Risk Management and Strategy

We regularly assess risks from cybersecurity threats, monitor our information systems for potential vulnerabilities and test those systems pursuant to our cybersecurity policies and procedures, which are integrated into the Company’s overall risk management framework. To protect our information systems from cybersecurity threats, we use various security tools that help us identify, escalate, investigate, resolve, and recover from security incidents in a timely manner.

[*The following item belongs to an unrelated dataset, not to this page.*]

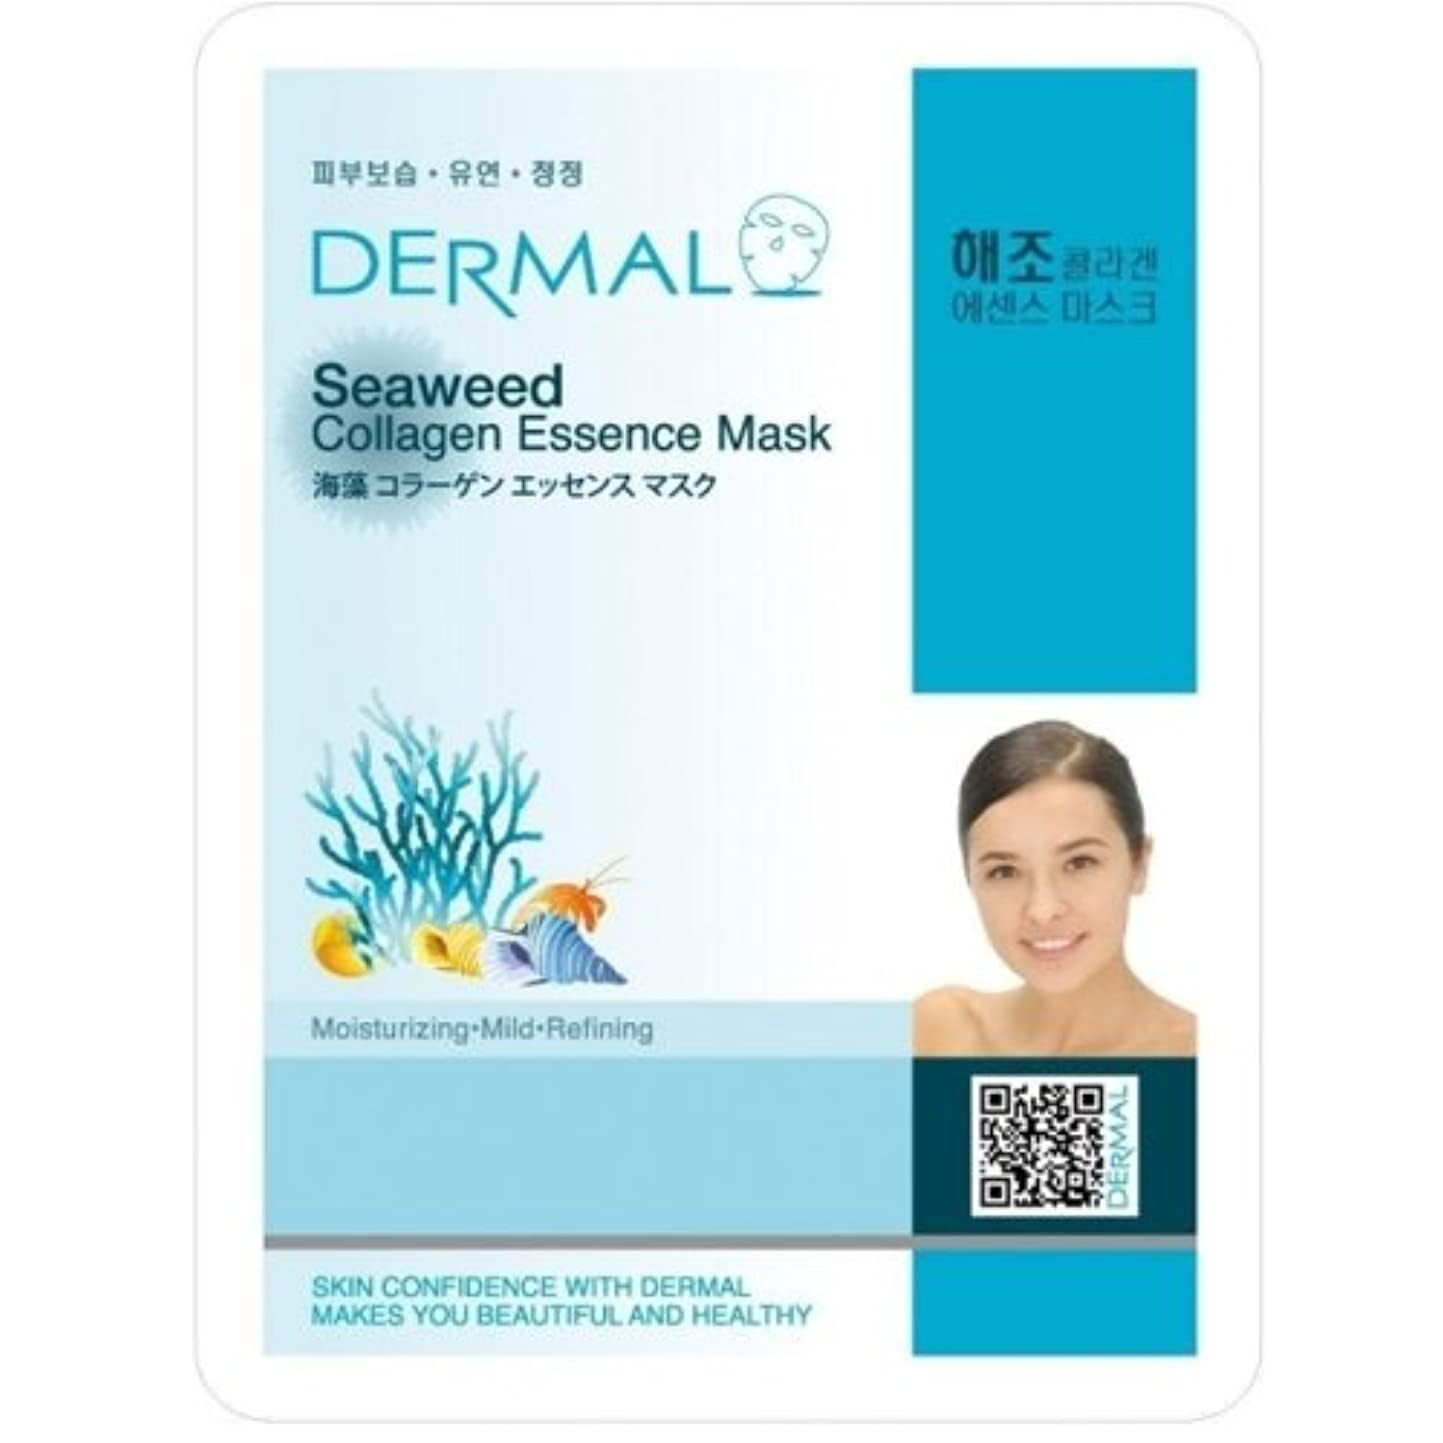 【DERMAL】ダーマル シートマスク 海藻 10枚セット/保湿/フェイスマスク/フェイスパック/マスクパック/韓国コスメ [メール便]

We partner with third parties to implement and assess the effectiveness of our cybersecurity prevention and response systems and processes. We have a Managed Security Services provider (MSSP) that provides a 24 x 7 x 365 Security Operations Center (SOC) and works with our information technology (IT) team to employ a variety of monitoring technologies to detect and be alerted to potential cyber threats, as well as establish and implement procedures for the mitigation and remediation of any cybersecurity incidents. We conduct an annual penetration test, regular phishing tests, and annual cybersecurity training for our employees.

Additionally, the management team of the Company has developed a cyber incident response plan to deploy in the event of a cyber threat. This plan is reviewed and updated at least annually and tested from time to time through tabletop exercises involving management and other key personnel, and may also include participation from ESRT's Board and outside experts. As part of regular business continuity planning, department heads are required to consider key technology systems used by their respective teams and the impact to the Company and other stakeholders in the event that such systems become compromised or unavailable. Additionally, we monitor and identify cybersecurity risks posed by third-party vendors who provide software and/or hardware to the Company or otherwise have access to our Company systems and have a cyber review process that is part of vendor onboarding.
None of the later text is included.